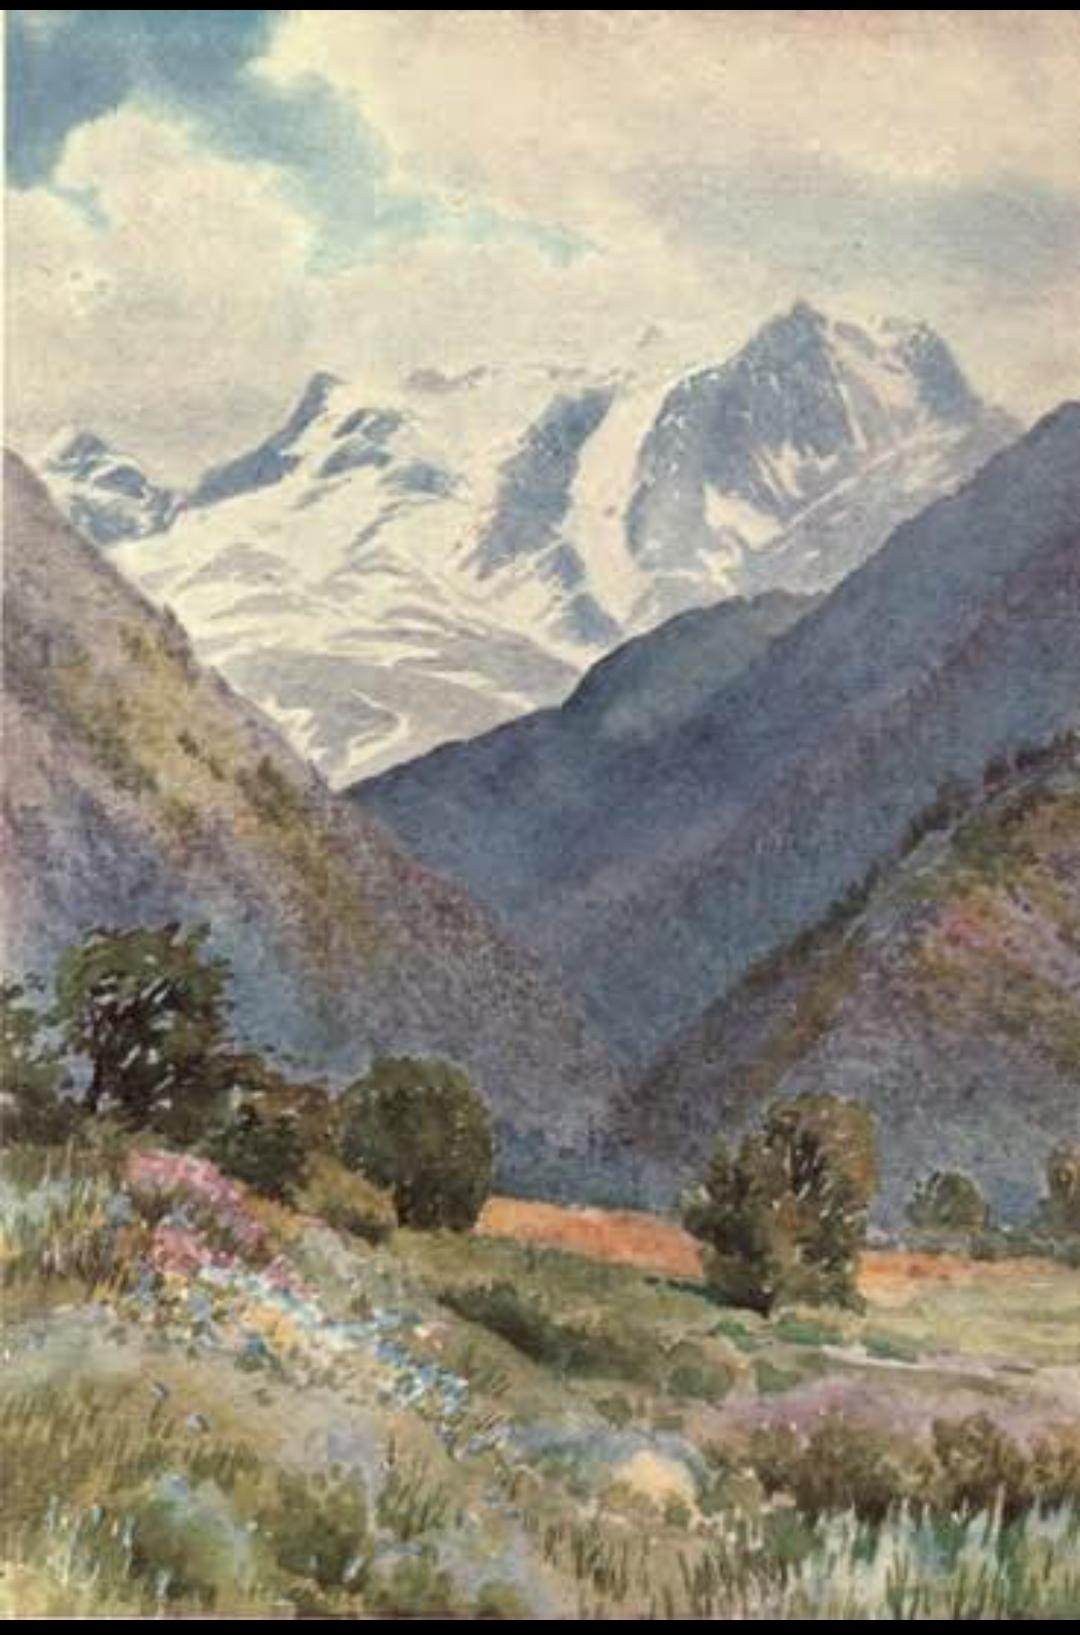 কাশ্মীরি কবি আরনিমাল-এর কবিতা <br /> অনুবাদ ও ভূমিকা – সায়ন রায়
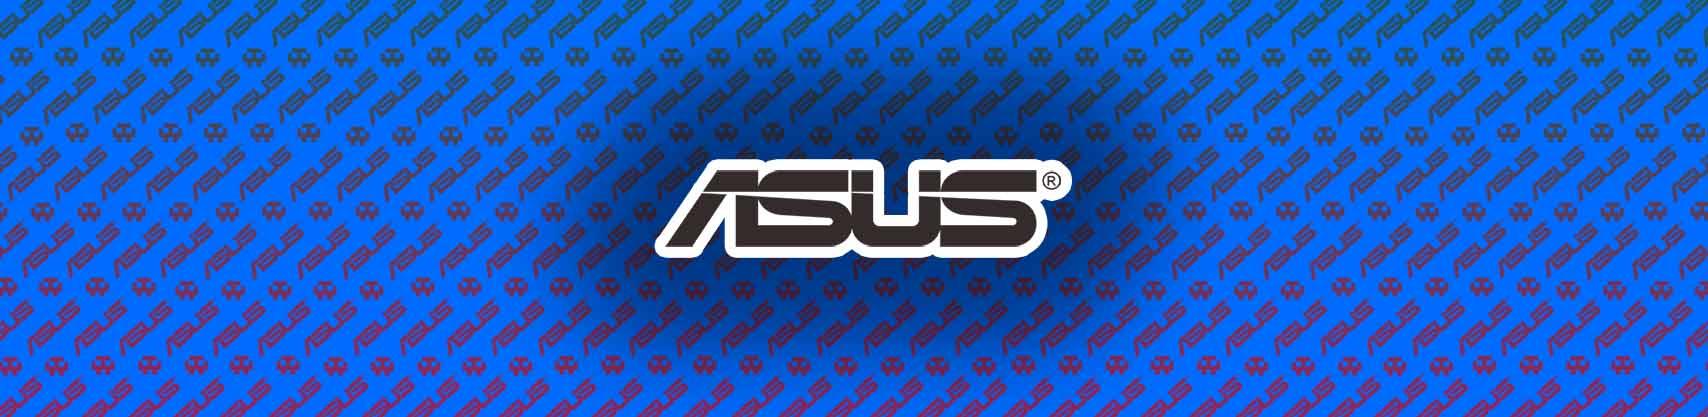 Asus Sabertooth X58 Manual
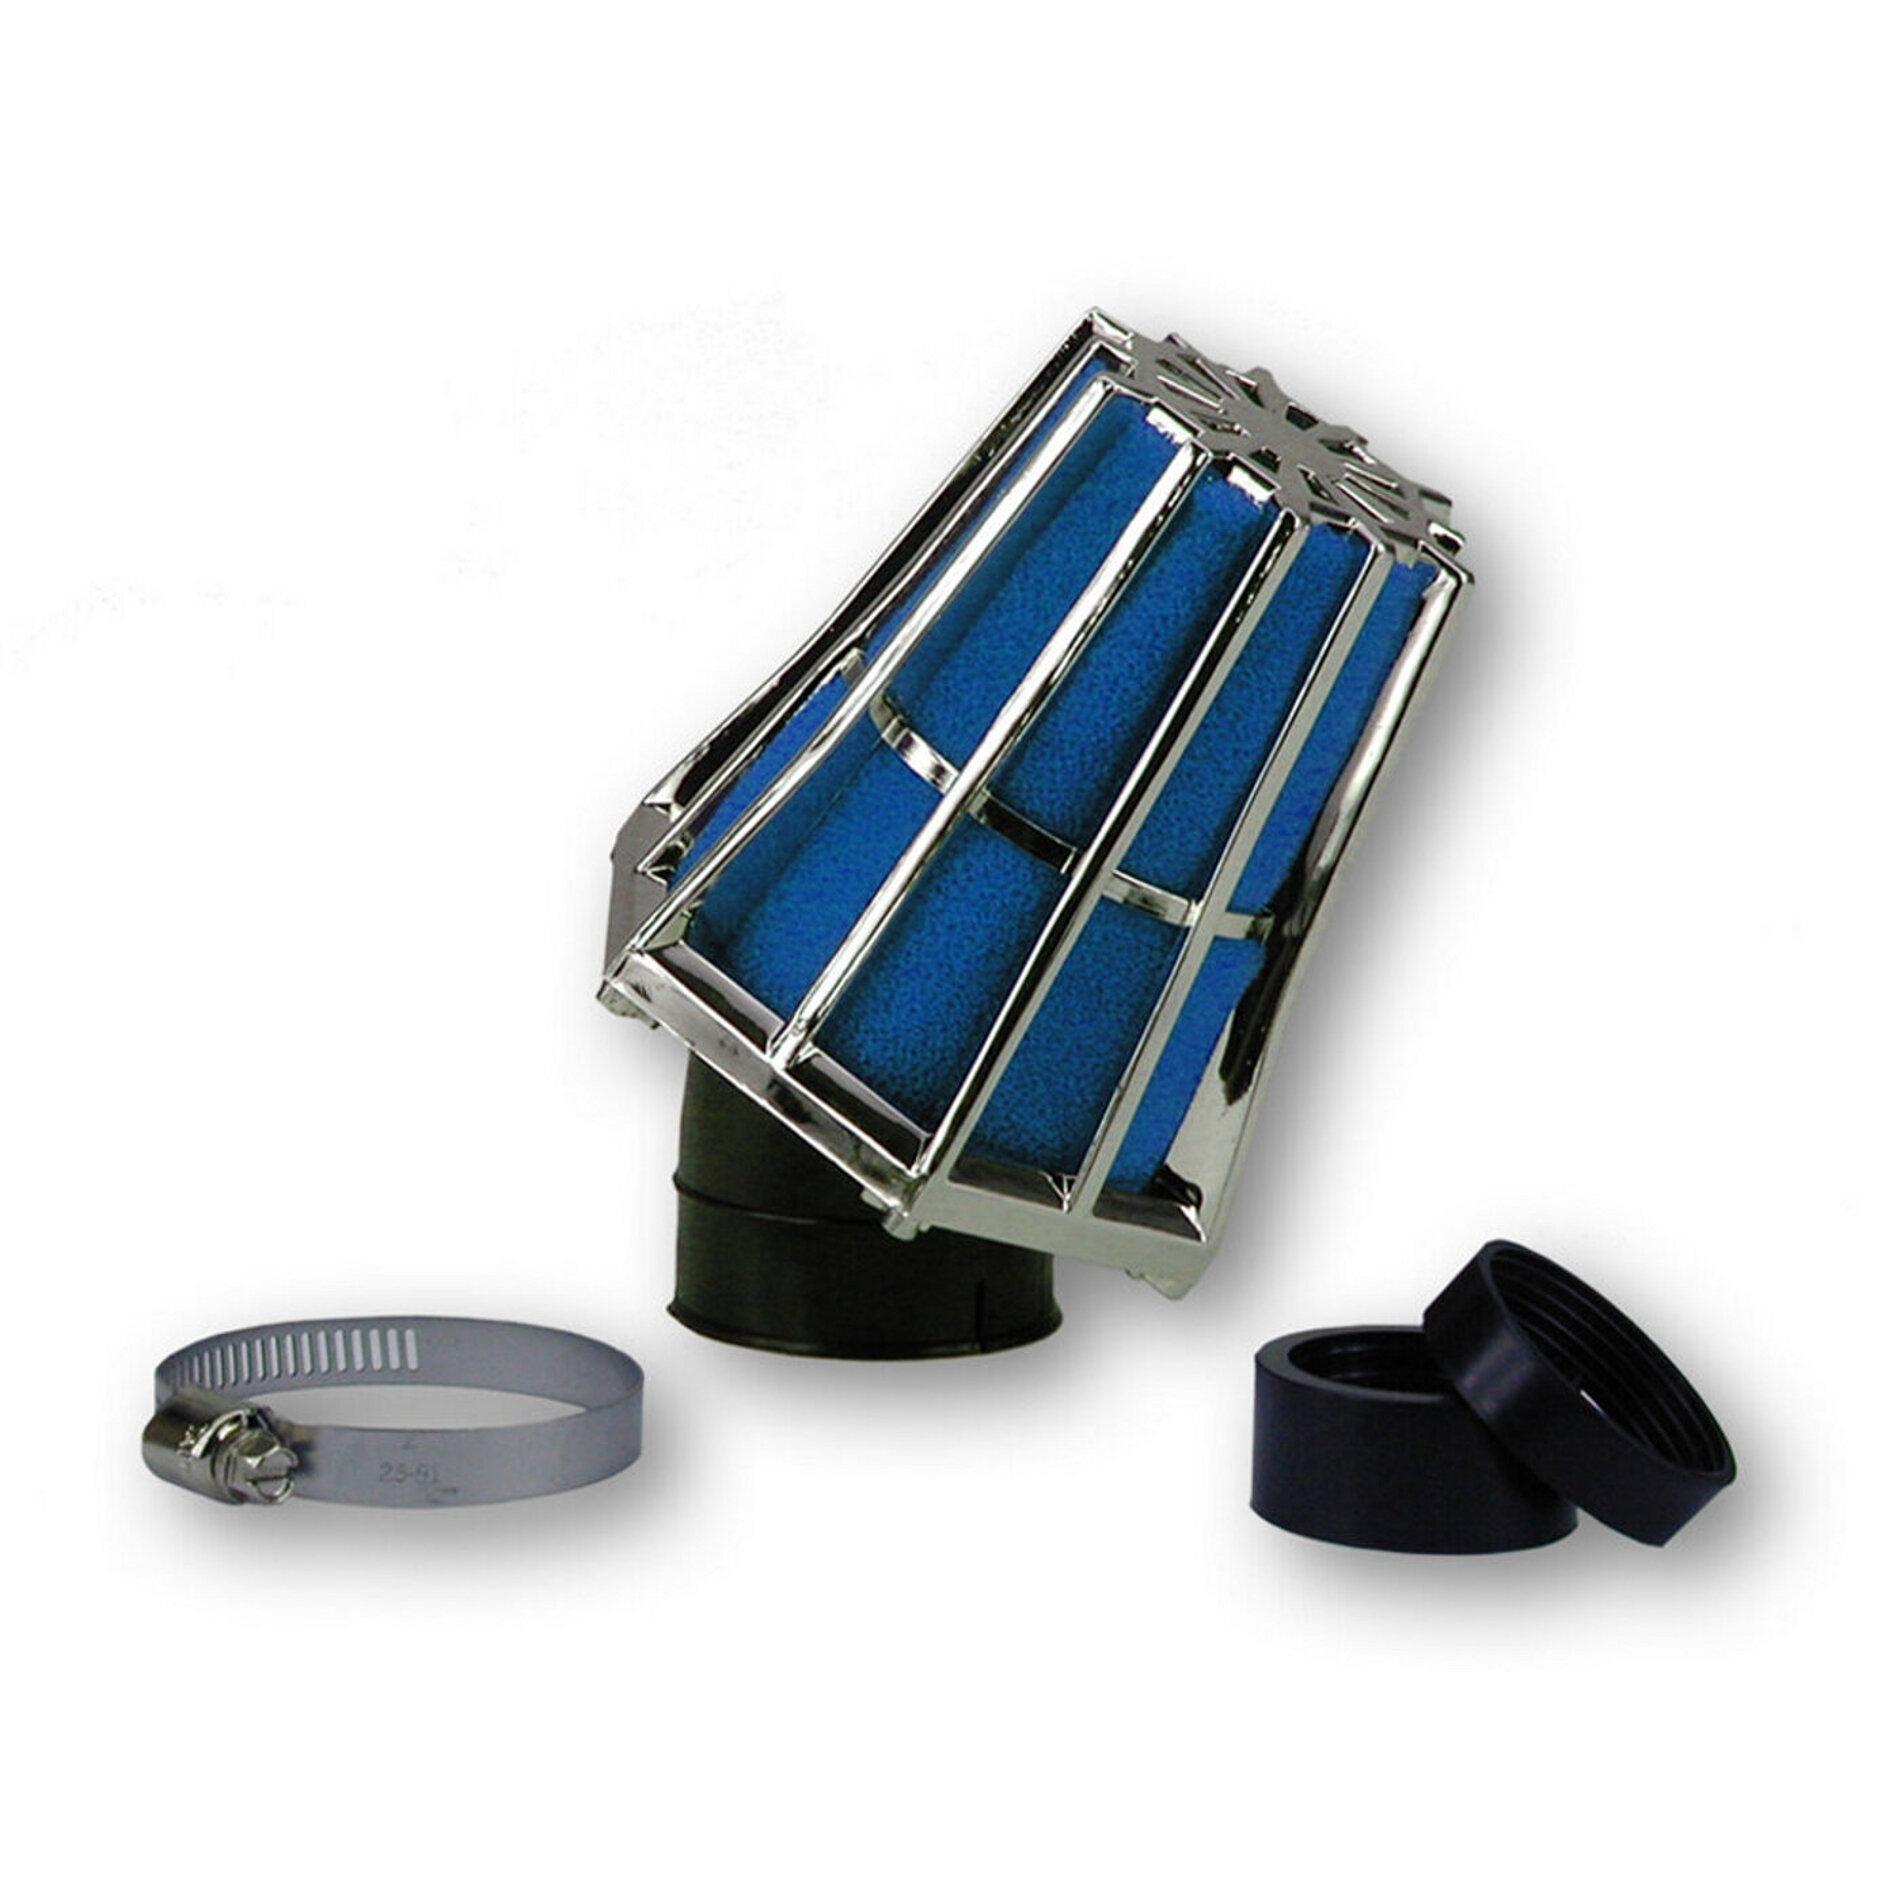 Filtre à air Hexagonal fixation à 30 D.28-35 mousse Bleue - Noir

→ Your task
Where the data includes pictures, leave them out and write out everything else exactly.

→ Exercise response
 কাশ্মীরি কবি আরনিমাল-এর কবিতা <br /> অনুবাদ ও ভূমিকা – সায়ন রায়
 Asus Sabertooth X58 Manual
 Filtre à air Hexagonal fixation à 30 D.28-35 mousse Bleue - Noir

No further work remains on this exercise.